For some reason I found it really stressful when she snapped back out of the routine. All of a sudden she was all over the place. She'd wake up at 5am, nap whenever, if ever, and we'd spend ages trying to settle her at night. I decided she was overtired so one night about 2 weeks ago we moved her to her own room and brought her bedtime forward to 6.30pm. That first night it took us an hour to get her to sleep so she ended up going to bed at her usual bedtime but the previous night had also taken an hour which meant she went to sleep an hour later than usual, so perhaps we were getting somewhere. Gradually over the next couple of days she got into this new rhythm and things seemed to be going quite well until suddenly it all went pear-shaped again a few days after my chat with my boss.

I don't remember the details now as it is all a blur but it seemed very important to us that we get her into a routine and that she sleep well during the day and she didn't seem to be doing that. It's possible she was picking up on my anxiety regarding next year following the Return To Work talk.

Then again, it also seemed to happen around the same time that the milk blister occurred (see next post).

Now I don't know what's going on. I was going mad for a while. One morning, after spending an eternity trying to get her to take a morning nap, I took her for a walk in the pram out of desperation. It was hot, it was not the best time of day to be out walking. I had spent days, if not weeks, at home trying to help Phoebe into her routine, seemingly for nothing. Every morning that I struggled to get her to sleep signalled another day that she wasn't getting enough and another day I'd have to wait to get her Sleep Issues sorted. I phoned Toby and told him I was irrationally angry with him for not putting her into her cot for a nap that morning. (Toby had looked after her whilst I slept.) I cried. I was so fed up with it all.

Since then I've had to chill out and let her fit her naps into my day again, within reason. Perhaps I was feeling under pressure to get her into a routine before she was ready, in preparation for childcare next year. But then I was also convinced that she was ready for a routine. So what threw her out? The milk blister? My anxiety? Her vaccinations? Her cold? Her cough? Teething? All of the above? Toby had the nerve to suggest it might be to do with too much caffeine in my diet. HOW VERY DARE HE!

It's hard when sleep is out because it throws everything else out too and weaning is hard enough without not knowing when you should feed and whether it should be breast or solid. I worry that she can't settle herself, that she doesn't have regular naps, that her naps aren't long enough, that she's not eating enough, that she's having too many breastfeeds, that she's waking in the night for feeds when she shouldn't, that she isn't getting enough sleep.

So I have no idea whether I've covered what I meant to cover but the situation is currently this.

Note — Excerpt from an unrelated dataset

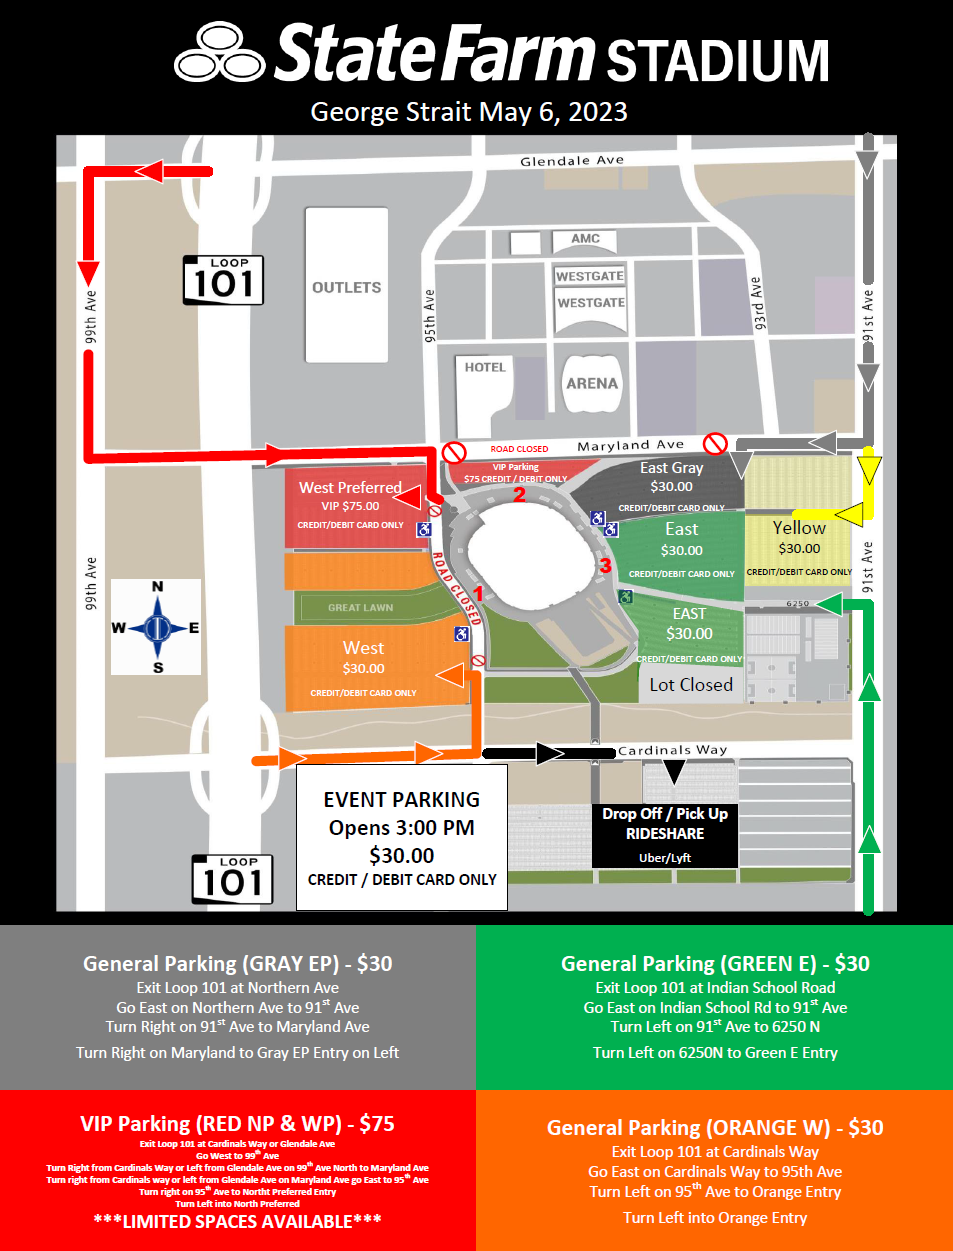 George Strait parking map for State Farm Stadium

She generally goes to bed well although we have to cuddle her almost to sleep. I've been sticking the sling on and walking around her bedroom. It's probably the wrong thing to do but I really just need her to catch up on sleep and get settled again. She often wakes up once in the night at quite random times. She then wakes up around 5am. For a while last week she was waking much later or she'd wake at 5am then feed and sleep again for an hour or two. That led me to wonder if her early waking is temperature related. A couple of times she's woken with a full nappy or because she's coughing but even then she won't go back to sleep. She's up for the day. This generally means she's only had 10 or 11 hours sleep. Today and yesterday she napped well but before that she was having three or four 30-40 minute catnaps, resulting in nowhere near enough sleep for a 7 1/2 month old baby.

It's frustrating because if a baby doesn't get enough sleep, it doesn't sleep well. I feel like we can't do anything else in terms of setting a routine and reducing breastfeeds until she's caught up on her sleep and is sleeping long hours at night and napping well during the day. I don't really feel in a massive hurry to establish a routine or drop feeds, but it can be very difficult for me to plan anything when I don't know when she's going to be sleeping.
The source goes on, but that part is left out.